Well, here's the answer; you may not like it. Too bad.
The thing that's pegging you to your chair is dopamine.
Dopamine? Yeah, dopamine. It's a neurotransmitter in your brain that is associated with rewards like food, sex, drugs and money ... and, importantly, the anticipation of such rewards.

When you're tired, bloody near broke, when you're tilting like a three-legged pinball machine and really, really should be going home you stop, look around, think, "Well, one more hand (or orbit, dealer change, hour, ...); then I'll get my sorry butt out of here."
That's the dopaminergic pathways in your brain talking. You've been conditioned. The setting is associated with the anticipation of reward and when you think staying thoughts, dopamine flows.

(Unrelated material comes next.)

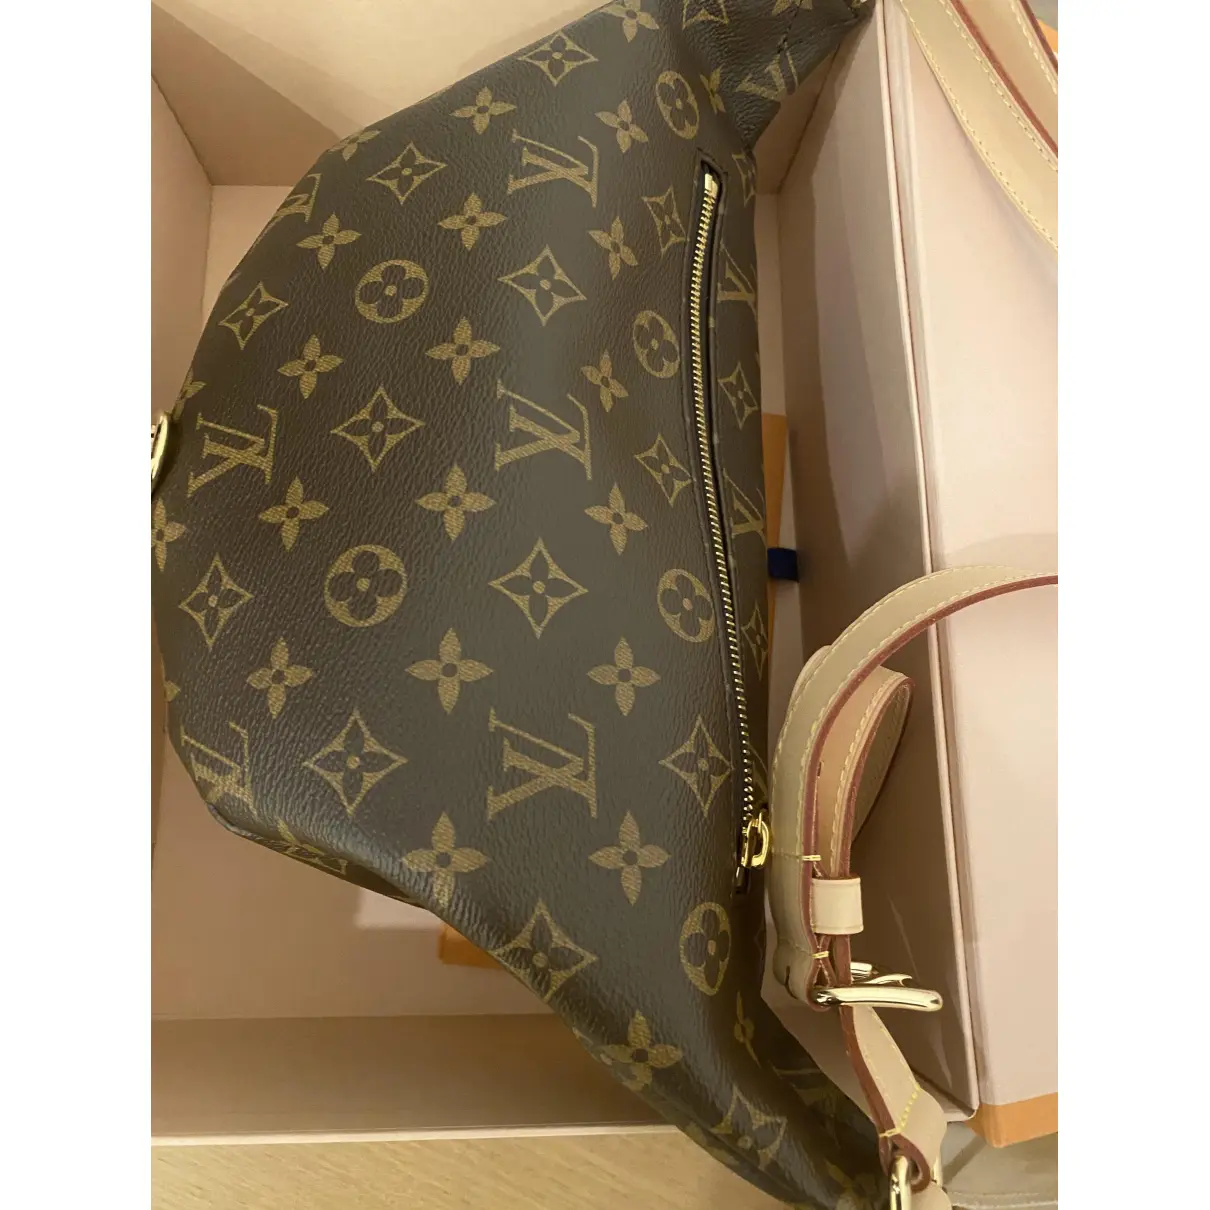 Buy Louis Vuitton Bum Bag / Sac Ceinture cloth handbag online

Now suppose you do manage to stand up, actually walk out. How do you feel?
Me, I always feel good. No more pull to play; no more nagging voice, "Come on baby, one more hand, just wanna play my button ..."
No more dopamine. The setting has changed. All the cues that had you had become conditioned to, that were fostering the secreting of neurotransmitters, aren't there. They're back in the cardroom, at the table, where you aren't anymore.
Angelo got close to the truth here. When you stand up, you begin the process of removing yourself from the setting that evokes the desire to play. Just by getting on your feet you've changed the context.
If it helps, appreciate that you, the devoted poker junkie, are not alone. Quitting isn't easy for a sculptor chipping away at a block of marble. It's a struggle for a lawyer who feels that she's finally getting some insight into the horrifically complex case she's working on ... or a gardener with a penchant for roses.

You can lay out all the gimmicks, gambits, rules, heuristics and principles. You can counsel people to set loss limits, win thresholds, win/loss windows, bankroll proportions. You can set time limits, vow never to play when you're tired, running a fever, feeling anxious.
But it won't do much good when your brain starts tugging at you, when the sound of riffled chips activates the nucleus accumbens (a brain area with a fondness for dopamine).
So, what's to be done about it? Nothing. I have no advice. And that's the name of that tune. Now, I hereby quit writing about quitting.